The monkfish fishery was booming about two decades ago, but overfishing concerns prompted catch limits in 1999 and shrinking local demand. Fishermen landed 400 tons of monkfish in Maine last year, just 6 percent of the peak landings in 2003. The total catch was worth almost $674,300, roughly 71 cents a pound.

“There is still demand for it, I just think it has dropped off and we don’t want people to forget about it,” Leeman said.

As Maine’s fishing industry has shifted to a reliance on lobster, consumers pay less attention to local, sustainable fish species still being brought in by the state’s dwindling fishing fleet. In the 1990s, close to 300 boats took at least one groundfishing trip a year, said Ben Martens, executive director of the Maine Coast Fishermen’s Association. These days, just over 50 boats a year made at least one trip.
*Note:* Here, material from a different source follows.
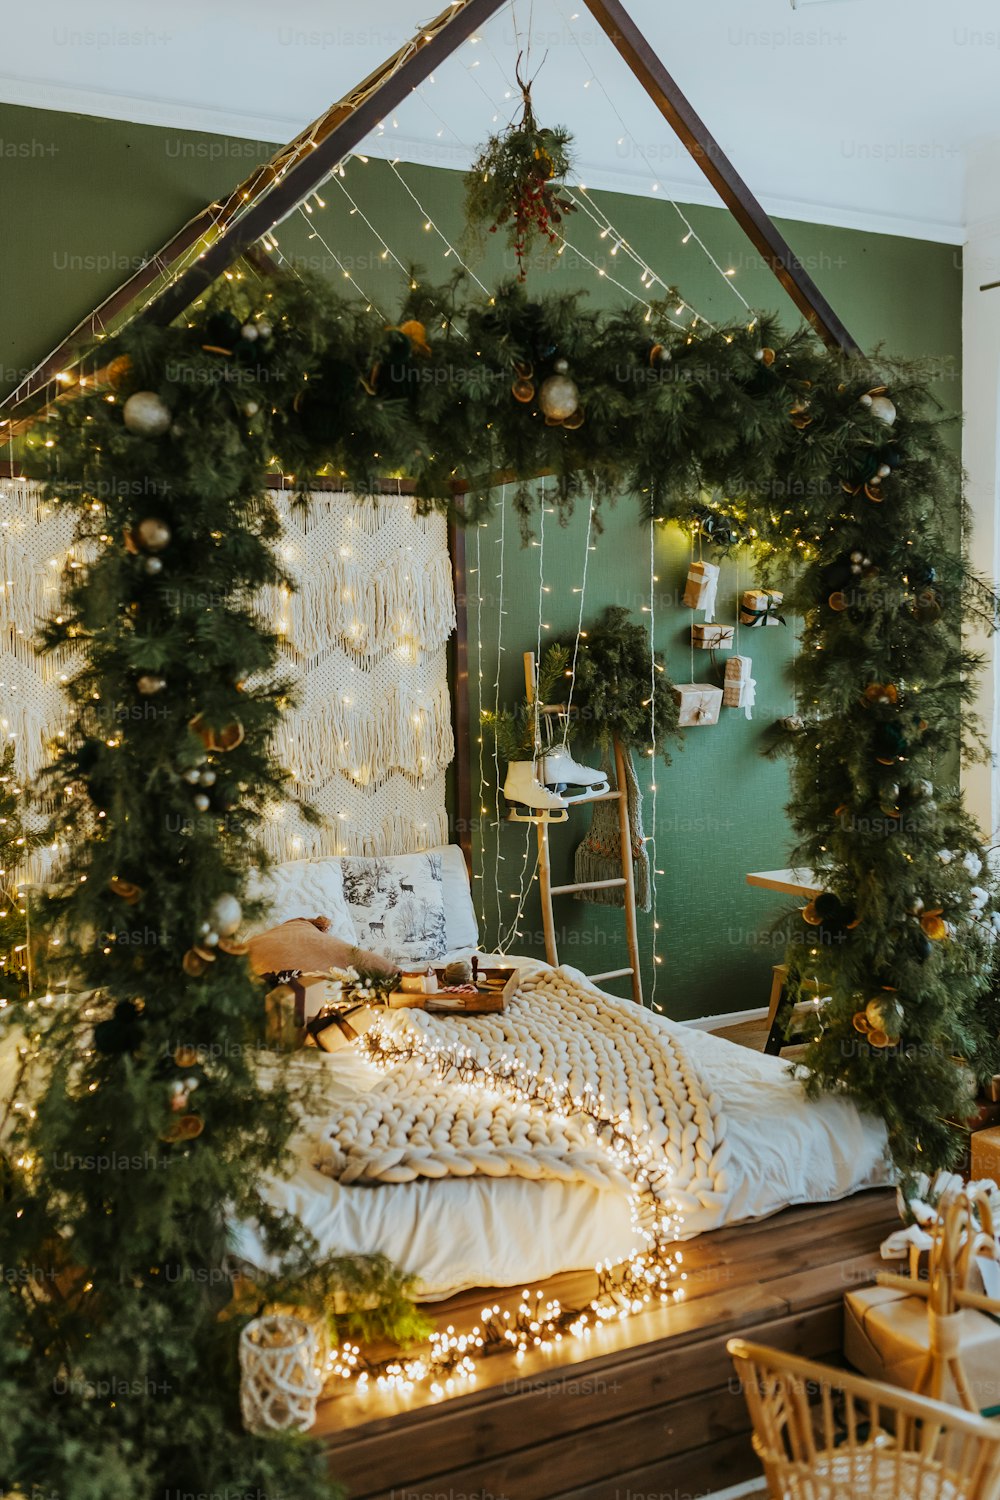 Una camera da letto addobbata per Natale con ghirlanda e luci

Even though there are fewer boats, they are still bringing in fish, but to boost prices for lesser-known species like monkfish, flounder, hake and pollock requires consumer education and outreach.
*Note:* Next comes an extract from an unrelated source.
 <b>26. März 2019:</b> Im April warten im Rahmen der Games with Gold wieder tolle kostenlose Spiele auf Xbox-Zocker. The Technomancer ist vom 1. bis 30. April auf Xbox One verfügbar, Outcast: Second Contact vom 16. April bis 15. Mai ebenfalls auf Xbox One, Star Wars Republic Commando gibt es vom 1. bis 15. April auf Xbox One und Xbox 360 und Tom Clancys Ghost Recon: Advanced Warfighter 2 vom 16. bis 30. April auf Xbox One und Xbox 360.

“To be really blunt, the price has been bad for our fishermen,” Martens said. “When you have this great product that fishermen aren’t getting paid for that the local consumers don’t know about, there is an opportunity to do something really cool to change that.”

Part of the strategy to highlight lesser-known Maine fish is to introduce consumers to fishermen, too, Martens added. Forming connections between seafood lovers and the people who bring in the catch is important to preserving Maine’s working waterfront as it faces increased development and tourism threats.

“We’re trying to remind the city of Portland and Maine that fishermen are part of the food system and what makes Maine unique,” Martens said. “Monkfish is never going to replace lobster in Maine, it is not going to replace groundfish, but it can be an important piece of the mosaic of the catch that comes across the docks.”

Monkfish stocks have stabilized since the management plan was enacted 20 years ago. The fish can be caught from the Gulf of Maine to Cape Hatteras in North Carolina. In the management area north of Georges Bank, fishermen catch monkfish on trips for other species, but the southern management area has a fishery that targets them specifically.

Last year, fishermen in the northern area landed 6,168 metric tons, just below the catch limit. The southern area landed 4,600 tons, only 50 percent of the limit, according to a draft 2019 operational assessment from the fisheries section of the National Oceanic and Atmospheric Administration.

Stocks are stable enough that regulators at the New England Fishery Management Council recommended a 10 percent increase in annual catch limits until 2022.

“It is not like the stock is in a dire condition, it is doing well enough that the council was OK with an increased limit,” said Janice Plant, the council’s public affairs officer. “It is definitely a valid alternative, it is a healthy resource and monkfish taste good,” she added.

The Monterey Bay Aquarium Seafood Watch program grades monkfish as a good alternative, one grade below best choice. Monkfish are not being overfished and management is moderately effective, but its bycatch can include at-risk species such as Atlantic cod, some flounders and Atlantic sturgeon, according to Seafood Watch.

Luke’s plans to have special monkfish items on its menu for the rest of January. What’s the Catch will highlight a different fish species in a similar format on the first Wednesday of every month until April, said Merritt Carey, community relations manager at Luke’s Lobster.

There is limited seating for the event and tickets are $55, including a specialty cocktail.

“We got involved because we are always trying to highlight the other fisheries that are right here in Maine that a lot of people don’t know about,” Carey said.

“Obviously lobster takes center stage, but there are really incredible underutilized species. The more we can shine a light on those and make consumers aware of  them, the better it is for our entire coastal economy.”